(Provided data):
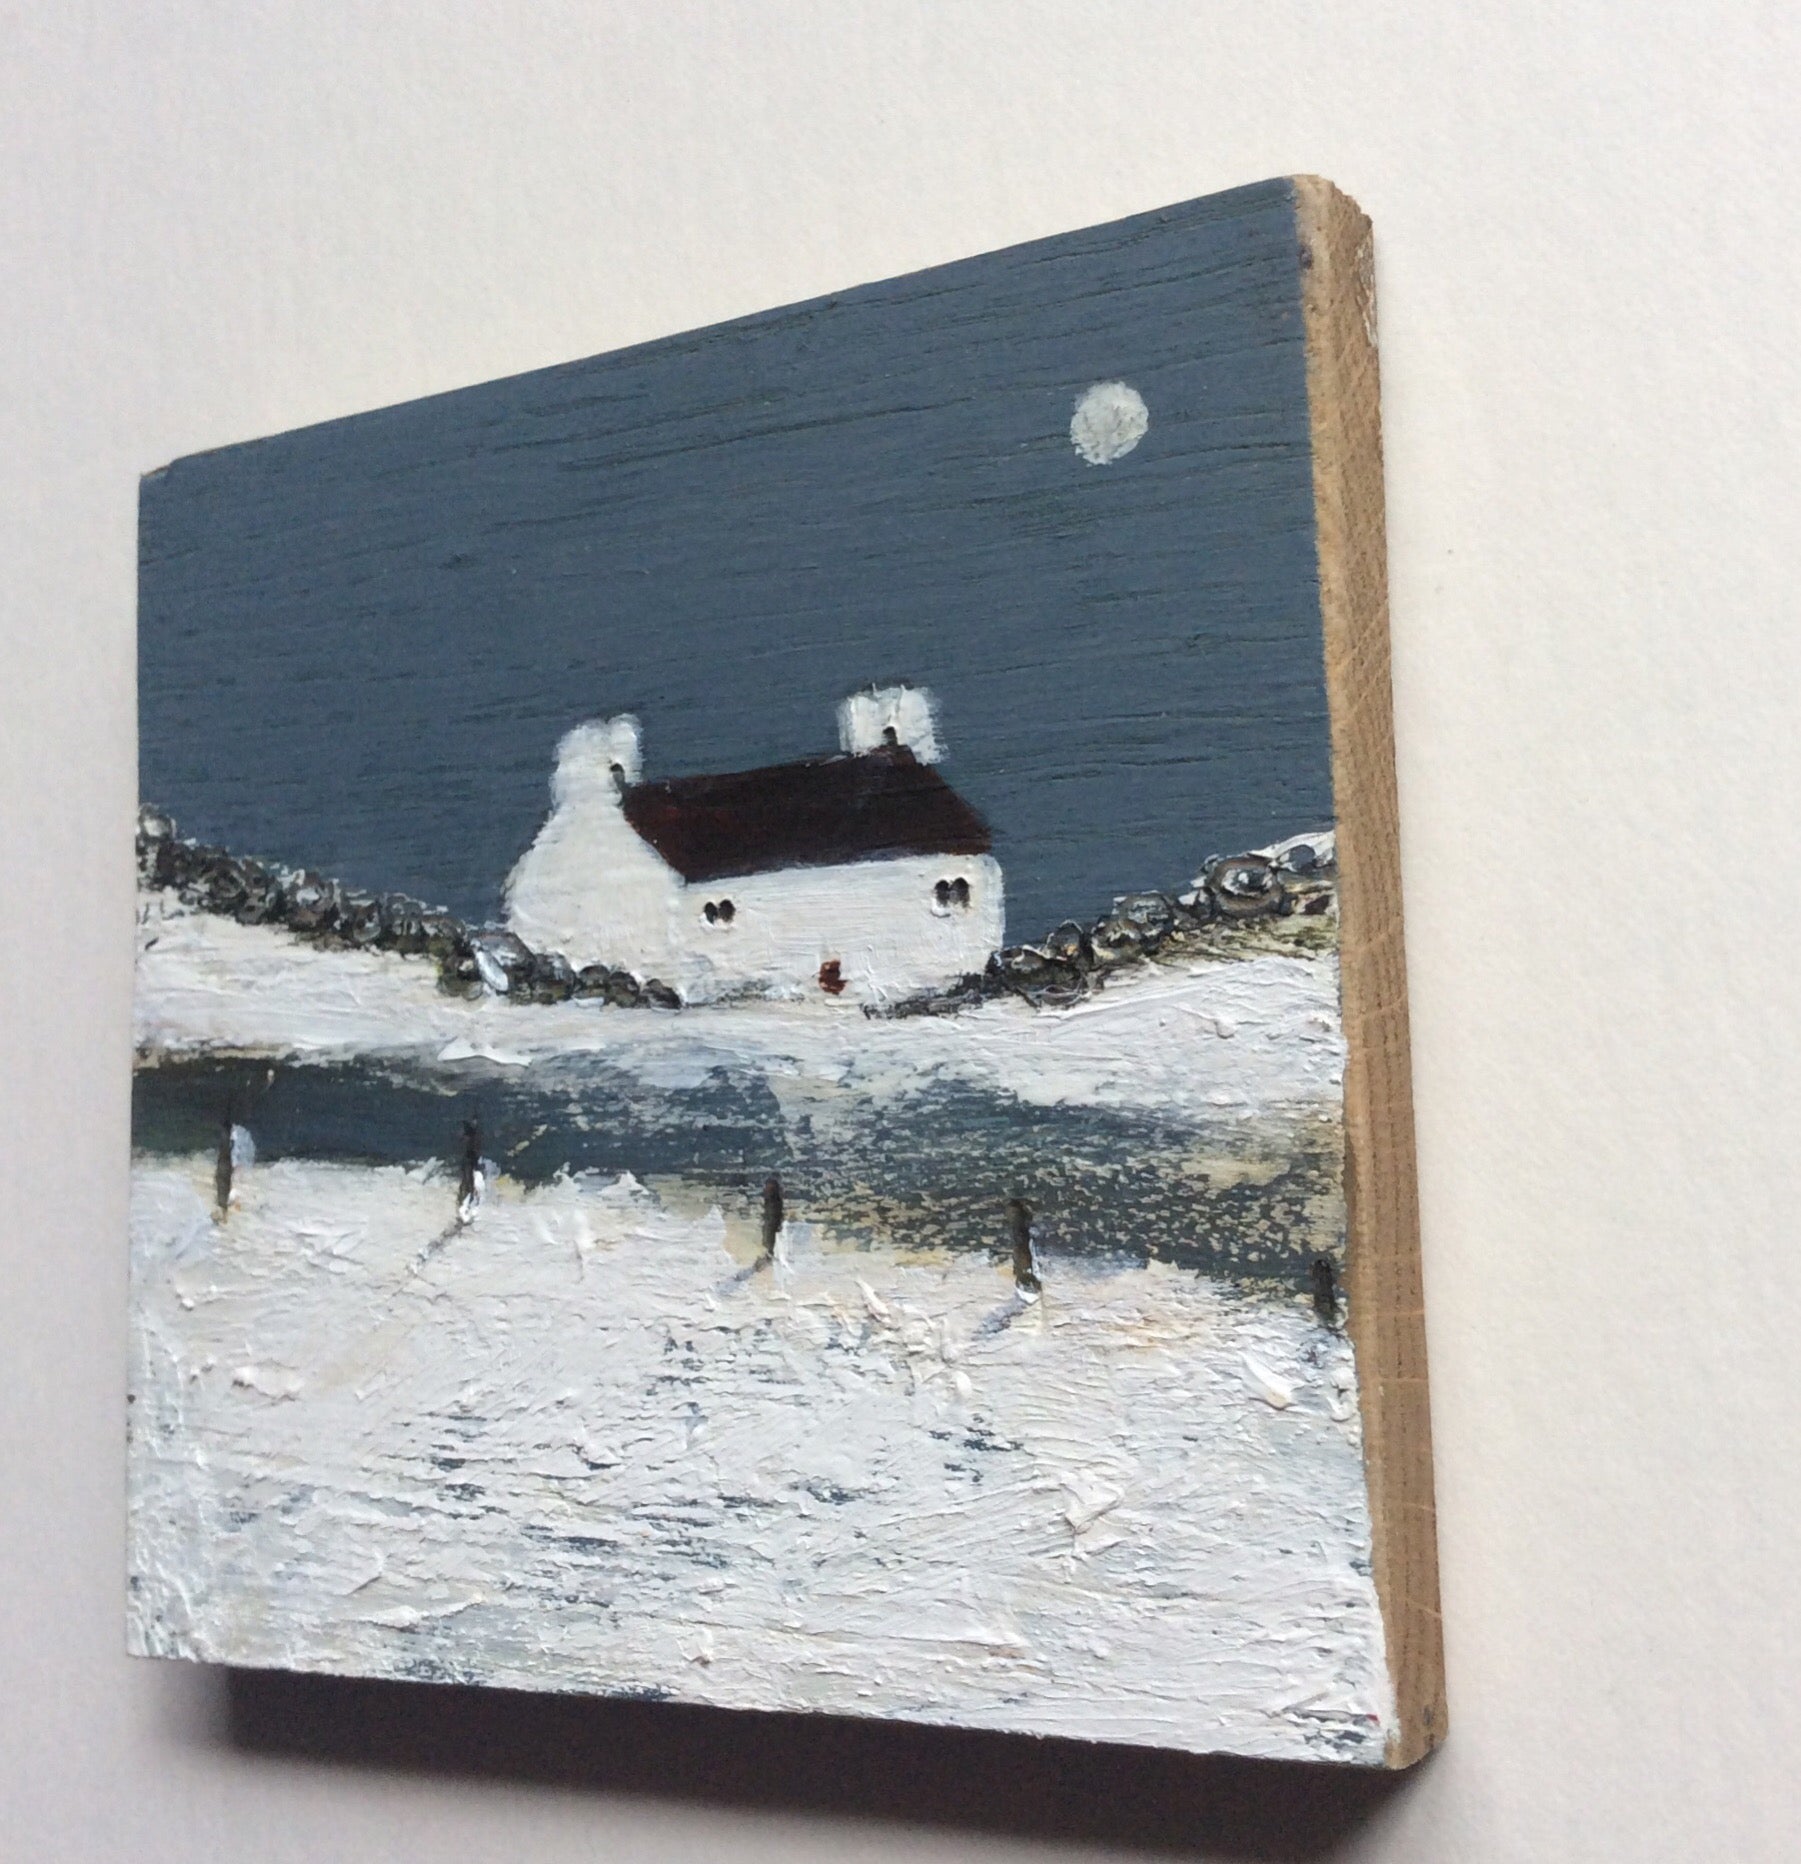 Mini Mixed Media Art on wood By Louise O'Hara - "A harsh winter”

* * *

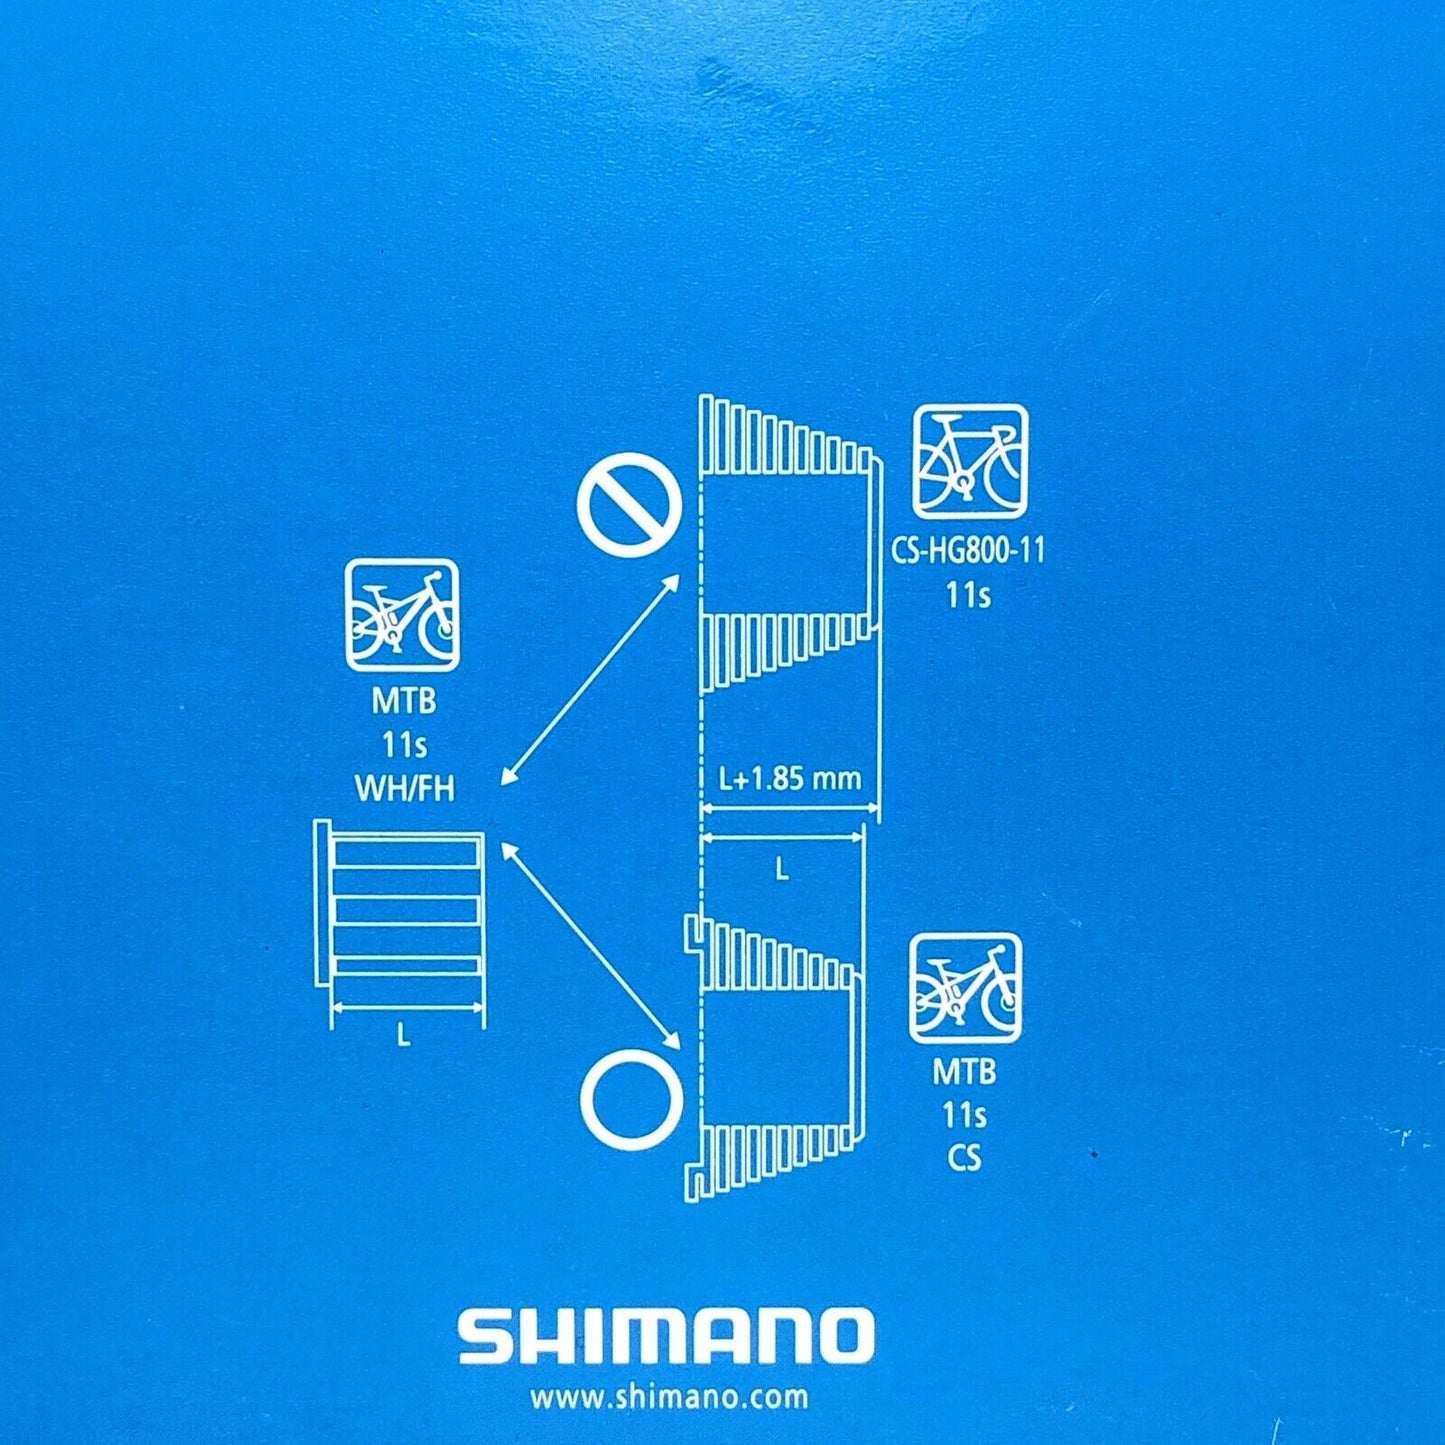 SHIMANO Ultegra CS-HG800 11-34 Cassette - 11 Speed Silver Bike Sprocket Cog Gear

---

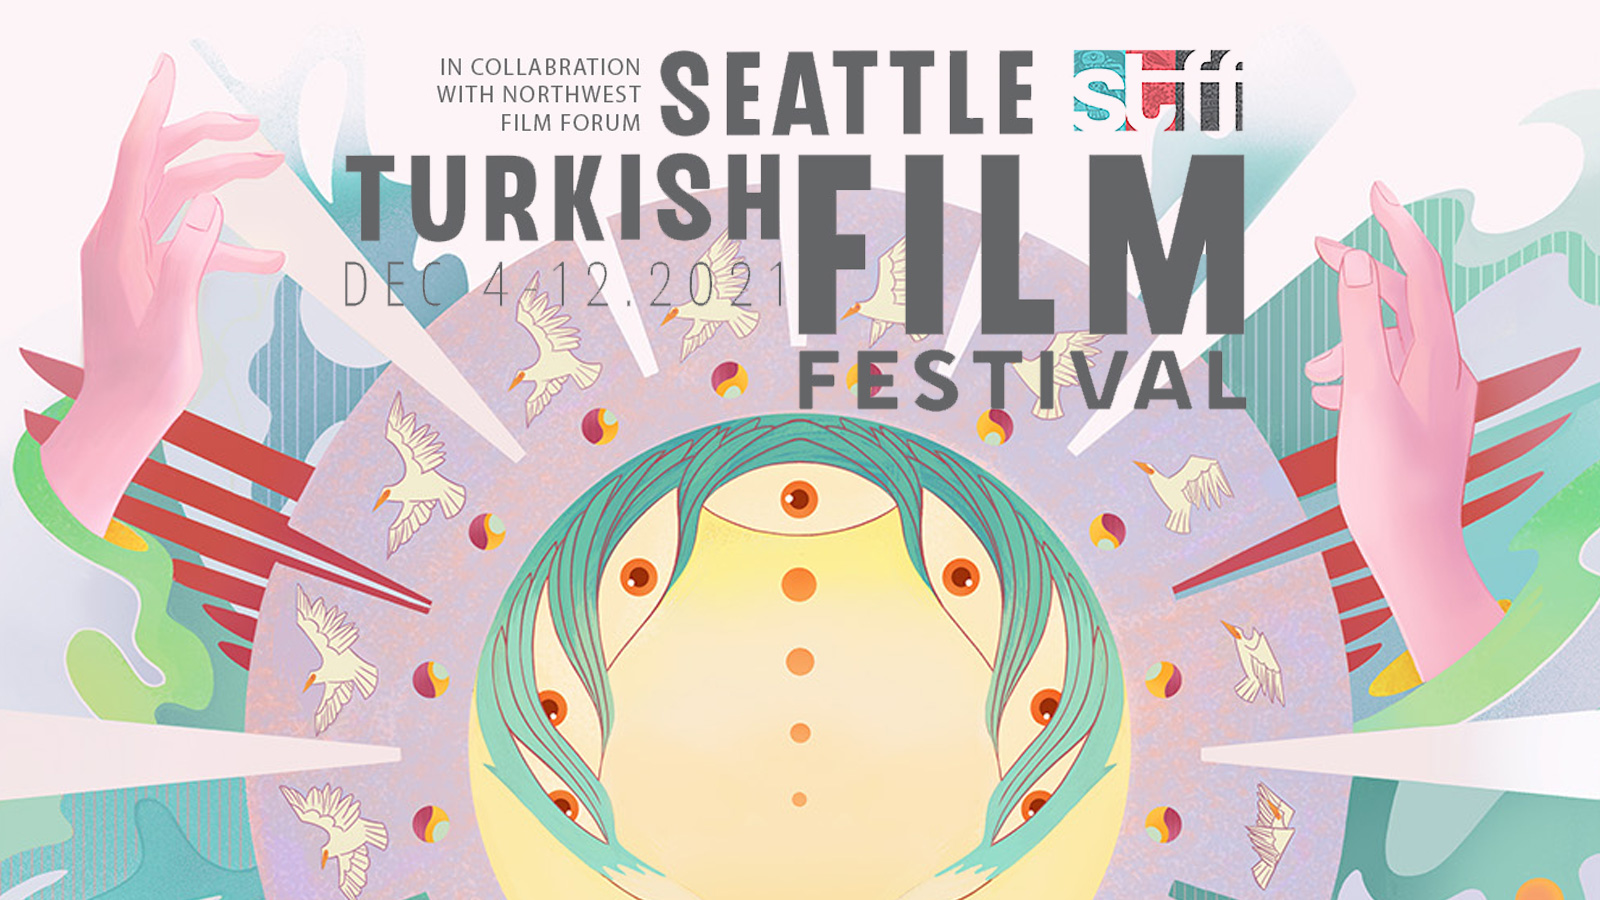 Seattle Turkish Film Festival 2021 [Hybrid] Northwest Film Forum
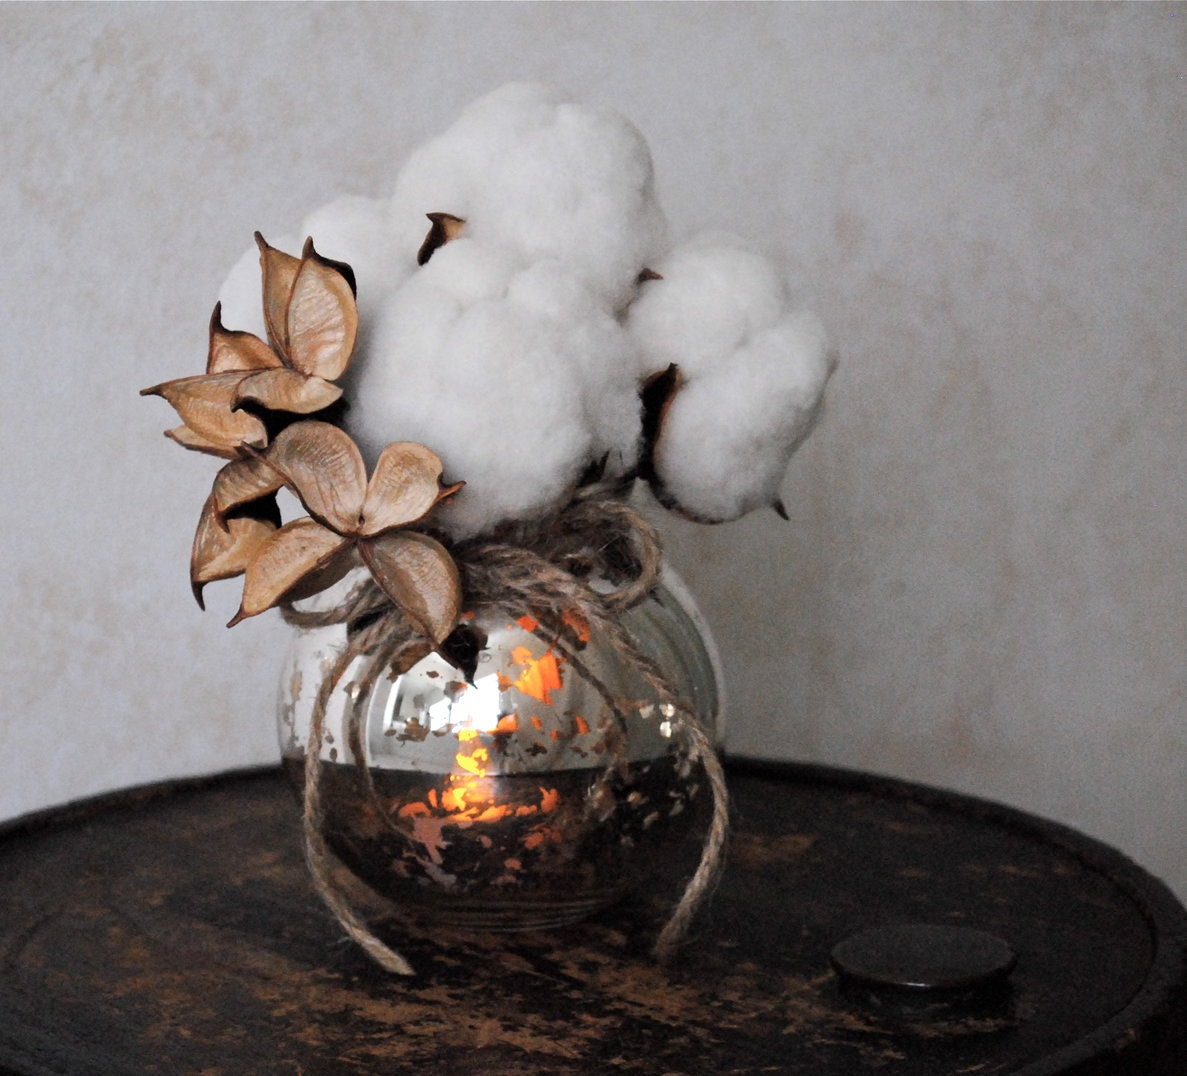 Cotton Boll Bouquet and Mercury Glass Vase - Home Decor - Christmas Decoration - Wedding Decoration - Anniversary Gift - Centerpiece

(How to complete this task):
In the material above, one part opens with the line containing "Seattle Turkish Film" and closes with the line containing "Cotton Boll Bouquet". Write out that part exactly and skip its pictures.

(Response for this exercise):
 Seattle Turkish Film Festival 2021 [Hybrid] Northwest Film Forum
 Cotton Boll Bouquet and Mercury Glass Vase - Home Decor - Christmas Decoration - Wedding Decoration - Anniversary Gift - Centerpiece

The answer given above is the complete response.